He pasado la mañana revisando los detalles del plan de inversión anunciado por Mitsubishi Estate y la dimensión de la cifra —1,5 billones de yenes— me ha dejado una certeza: la batalla global por la infraestructura de la inteligencia artificial se libra ya en el Pacífico, y Japón no quiere quedarse fuera.
Una apuesta de 9.300 millones de dólares con el sello de EE.UU.
El proyecto de la inmobiliaria japonesa contempla la construcción de varios centros de datos a gran escala en territorio nipón, con una inversión cercana a los 9.300 millones de dólares. El objetivo es capturar el crecimiento exponencial de la demanda de capacidad computacional que está generando el entrenamiento de modelos de IA en todo el mundo.
Lo más relevante no es solo la magnitud. Mitsubishi Estate planea trasladar a Japón la experiencia acumulada durante años en el mercado estadounidense, donde ya ha participado en el desarrollo de instalaciones similares. Ese conocimiento operativo, junto con la capacidad financiera del grupo, le otorga una ventaja competitiva frente a jugadores locales y globales.
- Inversión total: 1,5 billones de yenes (~9.300 millones de dólares) en centros de datos.
- Ubicación: Japón, principalmente en zonas con acceso a energía y fibra óptica de baja latencia.

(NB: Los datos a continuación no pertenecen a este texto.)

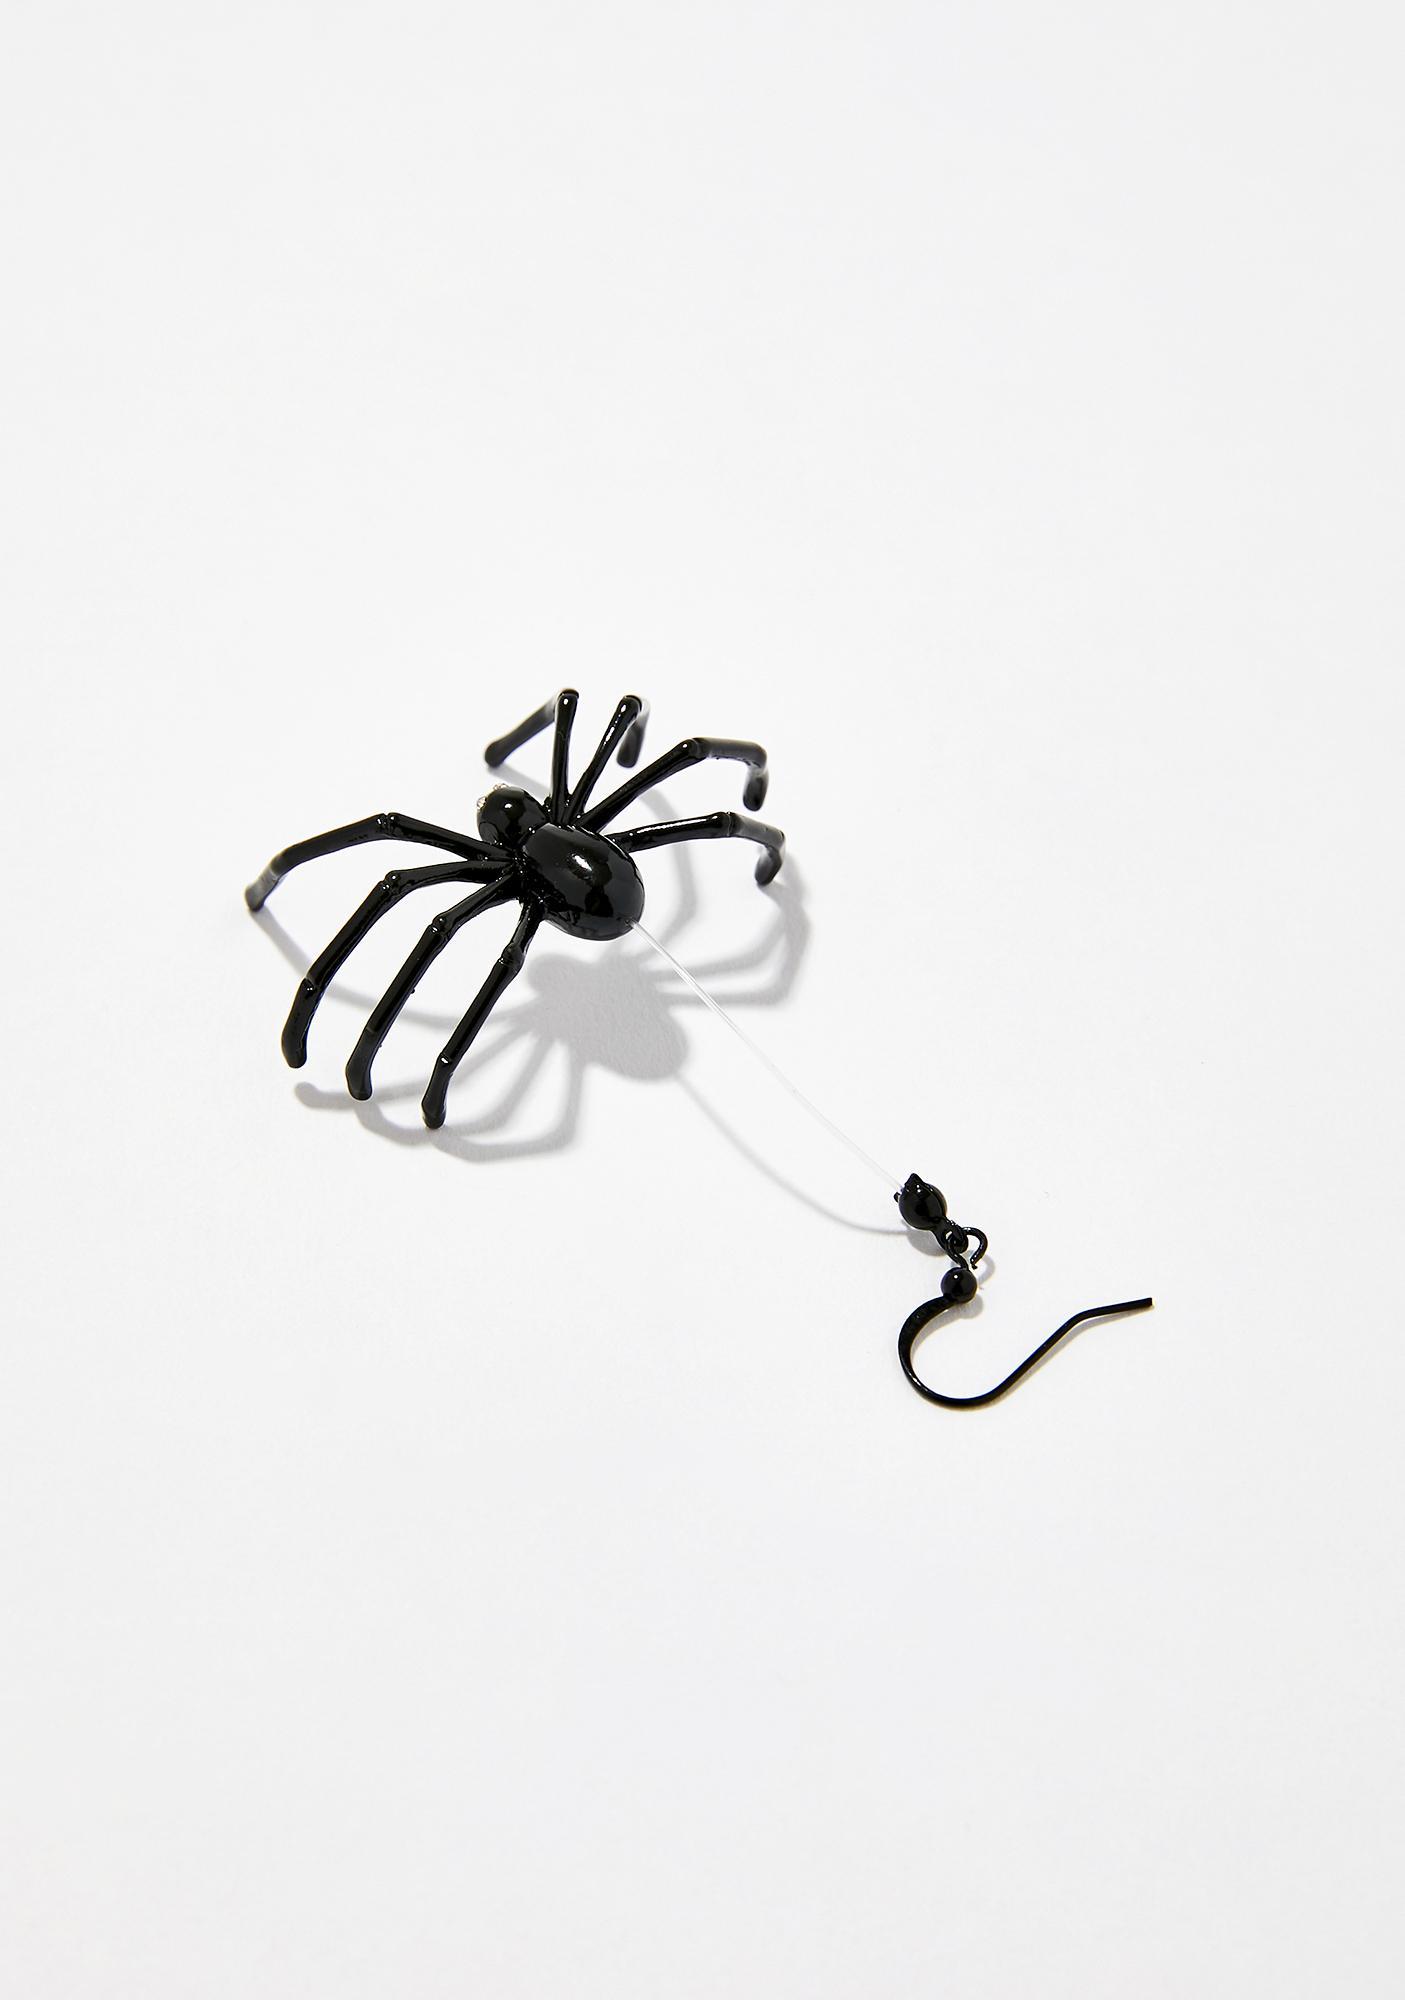 Mami Long Legs Spider Earrings

- Factor diferencial: know-how importado directamente de sus operaciones en Estados Unidos.
“Nuestra experiencia en Estados Unidos nos ha mostrado cómo ejecutar grandes proyectos de centros de datos con eficiencia y fiabilidad. Queremos aplicar ese modelo en casa para responder a la explosión de demanda de IA.” — Portavoz de Mitsubishi Estate, nota de prensa, julio de 2026.

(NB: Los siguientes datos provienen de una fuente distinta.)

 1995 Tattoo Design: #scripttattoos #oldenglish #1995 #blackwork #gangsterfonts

La elección de Japón no es casual. El país ya alberga una de las mayores concentraciones de cable submarino del mundo y ofrece un marco regulatorio estable. La creciente tensión geopolítica en el Estrecho de Taiwán hace que muchas empresas tecnológicas busquen alternativas a la isla para alojar sus datos; Japón emerge como candidato natural.
La infraestructura de IA ya es estratégica
Veo en este movimiento un reflejo de lo que los analistas llaman la carrera de los data centers, impulsada por el consumo masivo de energía de grandes modelos de lenguaje (LLM). Cada avance en IA generativa requiere una infraestructura capaz de procesar petaflops de información con refrigeración intensiva y redundancia energética.
Japón, que durante décadas lideró la electrónica de consumo, ahora redirige su músculo industrial hacia los semiconductores (con la fábrica de TSMC en Kumamoto) y hacia la capacidad de cómputo. El plan de Mitsubishi Estate encaja en esa estrategia: poner a Asia al frente de la cadena de valor de la IA, no solo como proveedor de chips, sino como dueño de las instalaciones que los hacen funcionar.
Sin embargo, el futuro no está exento de riesgos. La principal incógnita es si Japón podrá garantizar el suministro energético para centros de datos de esta escala. El gobierno ha reactivado varias centrales nucleares, pero la opinión pública sigue dividida. Y sin una electricidad abundante, barata y descarbonizada, los centros se vuelven inviables.
🌐 El efecto dominó en Occidente
La expansión japonesa en centros de datos afecta directamente a los intereses europeos y americanos. Para las empresas estadounidenses (AWS, Microsoft, Google) supone una alternativa más cercana a los mercados asiáticos, reduciendo la latencia y la dependencia de Taiwán. Para Europa, que aspira a tener su propia nube soberana, un Japón fortalecido introduce un competidor adicional en el tablero global de la infraestructura digital.
En España, el impacto inmediato es moderado pero significativo en el medio plazo: cualquier gran empresa española que utilice servicios de IA alojados en Asia encontrará en Japón un socio con estándares de privacidad equiparables a los europeos, lo que podría acelerar los acuerdos comerciales. Además, la presión sobre los precios globales de los chips y servidores que se anticipa con estos proyectos puede suavizar los costes de las renovaciones de infraestructura en los centros de datos de nuestro país.